Ulrich Wickert: Also insbesondere die SPD.

Gerhard Schröder: Die SPD und die Grünen. Da gab’s natürlich unterschiedliche Meinungen. Und das musste man auch respektieren. Auch im Nachhinein finde ich es sehr viel besser, wenn ein Bundeskanzler um die Zustimmung zu einer militärischen Intervention kämpfen muss, als wenn er mit Pathos in den Krieg zieht, wie es im vorigen Jahrhundert üblich war.

Ulrich Wickert: Sie haben damals beschlossen, den Militäreinsatz mit der Vertrauensfrage zu verbinden. Aus welchem Grund?

Gerhard Schröder: Ja, es gab eine Diskussion zwischen Rot und Grün, auch zwischen mir und dem Bundesaußenminister Fischer. Angesichts der Tatsache, dass die Union und Teile der FDP ihre Zustimmung signalisierten, kam die Frage auf, ob wir eine offene Abstimmung im Parlament zulassen sollten, so dass die Abgeordneten, die Gewissensprobleme hatten, frei nach ihrem Gewissen entscheiden hätten können. Fischer neigte dazu. Ich war dagegen – mit dem folgenden Argument: Um die Handlungsfähigkeit der Regierung nachzuweisen, brauchen wir in dieser Krisensituationen eine eigene Mehrheit. Wären wir auf die Stimmen der Opposition angewiesen gewesen, hätte das langfristig negative Wirkungen gehabt. Deswegen habe ich darauf gedrungen, die Mehrheit aus eigener Kraft zu erreichen. Es gab natürlich nur das Instrument der Vertrauensfrage, um – ich gestehe freimütig – den nötigen Druck aufzubauen: Wenn die Regierungskoalition nicht mehrheitlich mit Ja geantwortet hätte, hätten wir Neuwahlen bekommen.

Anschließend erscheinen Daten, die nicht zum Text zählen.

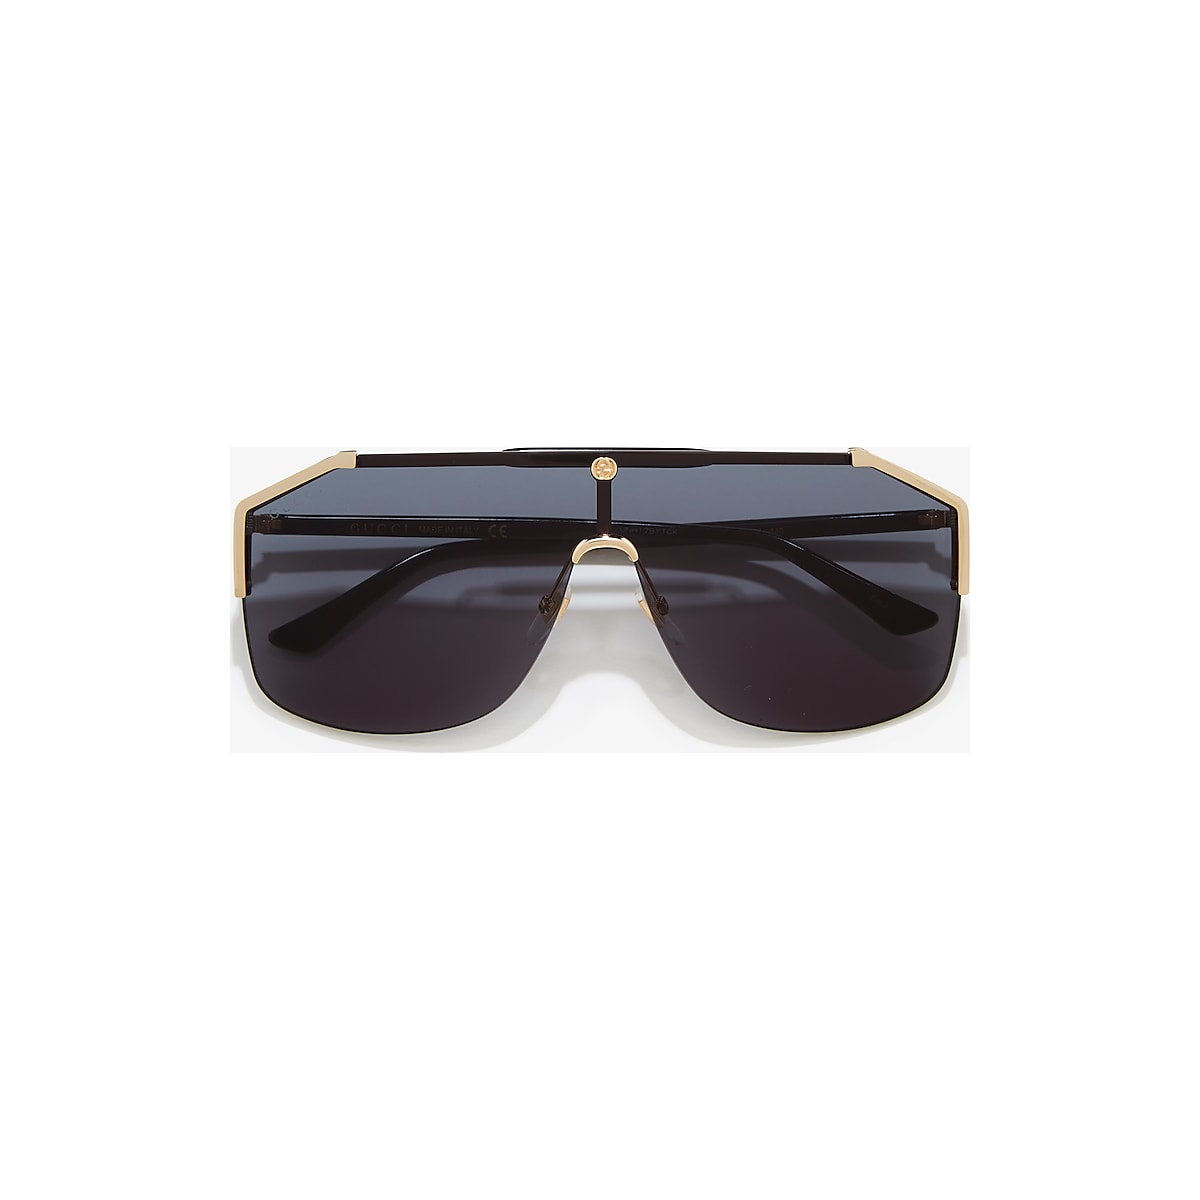 Gucci GG0291S 60 Grey & Grey Sunglasses | Sunglass Hut Canada

Ulrich Wickert: Damals prägte Verteidigungsminister Struck das Wort: „Unsere Freiheit wird auch am Hindukusch verteidigt.“

Gerhard Schröder: Ich war nie besonders glücklich mit diesem Ausspruch. Meine Beweggründe, eine Intervention zu rechtfertigen und die Entscheidung dafür auf meine Kappe zu nehmen, hatte nichts mit diesem Struckschen Satz zu tun, sondern mit Bündnissolidarität. Eine Kraft, die von einem anderen Staat unterstützt wurde, nämlich von den Taliban, hatte unseren Bündnispartner Amerika auf dessen Territorium angegriffen. Der Weltsicherheitsrat hatte eindeutig Stellung bezogen. In der Situation nicht die Solidarität zu üben, die erbeten worden war, wäre fast unmöglich gewesen. Also habe ich gesagt, dies ist eine Frage der Bündnissolidarität. Ich habe nie daran geglaubt, dass man Afghanistan in eine Westminsterdemokratie verwandeln könnte.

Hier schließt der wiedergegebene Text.